The Cheese Insider

Katie Hedrich with one her goats. Photo courtesy of Uriah Carpenter.

As I described in a previous article, the artisan cheese movement is driven by two types of cheesemakers: the cheesemaker who has deep family roots in the industry, and the “new generation” of younger people who have no family ties to the dairy industry or cheese making. Here, we are going to meet one of the new breed of young artisan cheesemakers – Katie Hedrich of LaClare Farms.

My wife, Janice, and I first met Hedrich in the fall of 2009. She was working with Saxon Homestead Creamery in Cleveland, Wisconsin, helping to market the cheese they produce. Saxon makes some wonderful raw cow milk cheeses and, at that time, was also making a Gouda style goat milk cheese utilizing the goat milk from Hedrich’s family farm in Chilton. Larry Hedrich, Katie’s father, has a milk hauling business, and her mother is a teacher in the De Pere school system. In their spare time they were milking over 300 goats and selling the milk to cheesemakers and other processors throughout the state.

After graduating from Northern Michigan University with a degree in marketing, Katie’s parents took her to the Netherlands to visit goat farms and cheesemakers that were making goat cheese. When Hedrich returned from that trip she “begged” her way into a job at Saxon, working with Jerry Heimerl, the head cheesemaker. Hedrich could work alongside a licensed cheesmaker, but she would need a license to be able to make cheese herself.

In 2010 she received a scholarship to begin her journey in obtaining her cheesemaker license. She did her course work at the University of Wisconsin – Madison. After the required apprentice hours and obtaining her license, she was now free to begin making “her” own cheese…and make it she did.

In March of 2011 Hedrich entered her own batch of Evalon, a raw milk goat cheese, in the United States Cheese Championship, a very prestigious contest held bi-annually. Cheesemakers from all over the United States enter their cheeses hoping to win some sort of ribbon, which helps them gain recognition in the industry, and in selling their cheeses. The majority of the cheeses entered in these types of contests are “artisan,” not the larger, commodity cheeses.

Hedrich’s Evalon won “Best of Show” at the 2011 United States Cheese Championship. Photo courtesy of Uriah Carpenter.

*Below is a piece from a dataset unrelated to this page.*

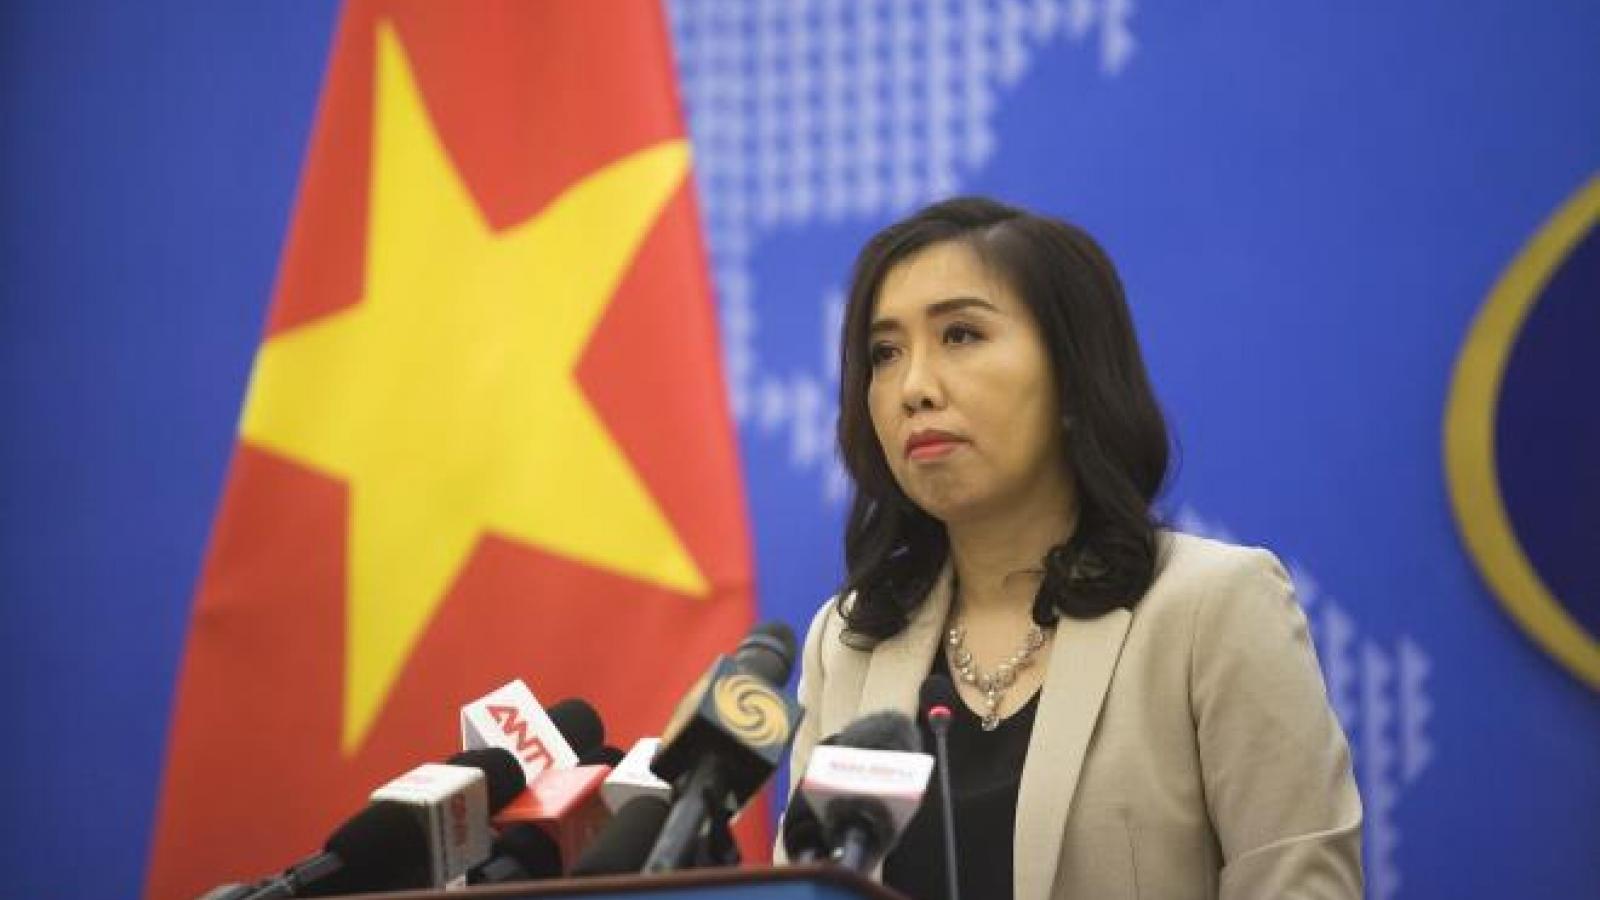 Bộ Ngoại giao thông tin việc ĐSQ Mỹ đăng bản đồ Việt Nam không có Hoàng Sa, Trường Sa

Hedrich not only won a blue ribbon for “Best in it’s Class” (hard goat cheese), but the cheese won “Best of Show,” meaning it was judged as the best cheese in the entire competition, beating out over 1,600 other cheeses that were entered. Winning this award is like a rookie baseball player hitting a grand slam home run in the 7th game to win the World Series, or like a like a rookie quarterback throwing a touchdown pass to win the Super Bowl.

The impact to a cheesemaker by winning this type of award is huge. It means that the cheese buyers throughout the country now want her cheese, and the demand goes sky high.

We feel very fortunate to be working with young people like Hedrich, cheesemakers that are making a difference in the food we all eat.

Michael C. Thomas is co-owner of Schoolhouse Artisan Cheese with his wife Janice. With locations in Ellison Bay and Egg Harbor, they aim to bring the best of Wisconsin artisan cheeses to Door County, and with “The Cheese Insider” Michael hopes to bring all things cheese to readers of the Pulse.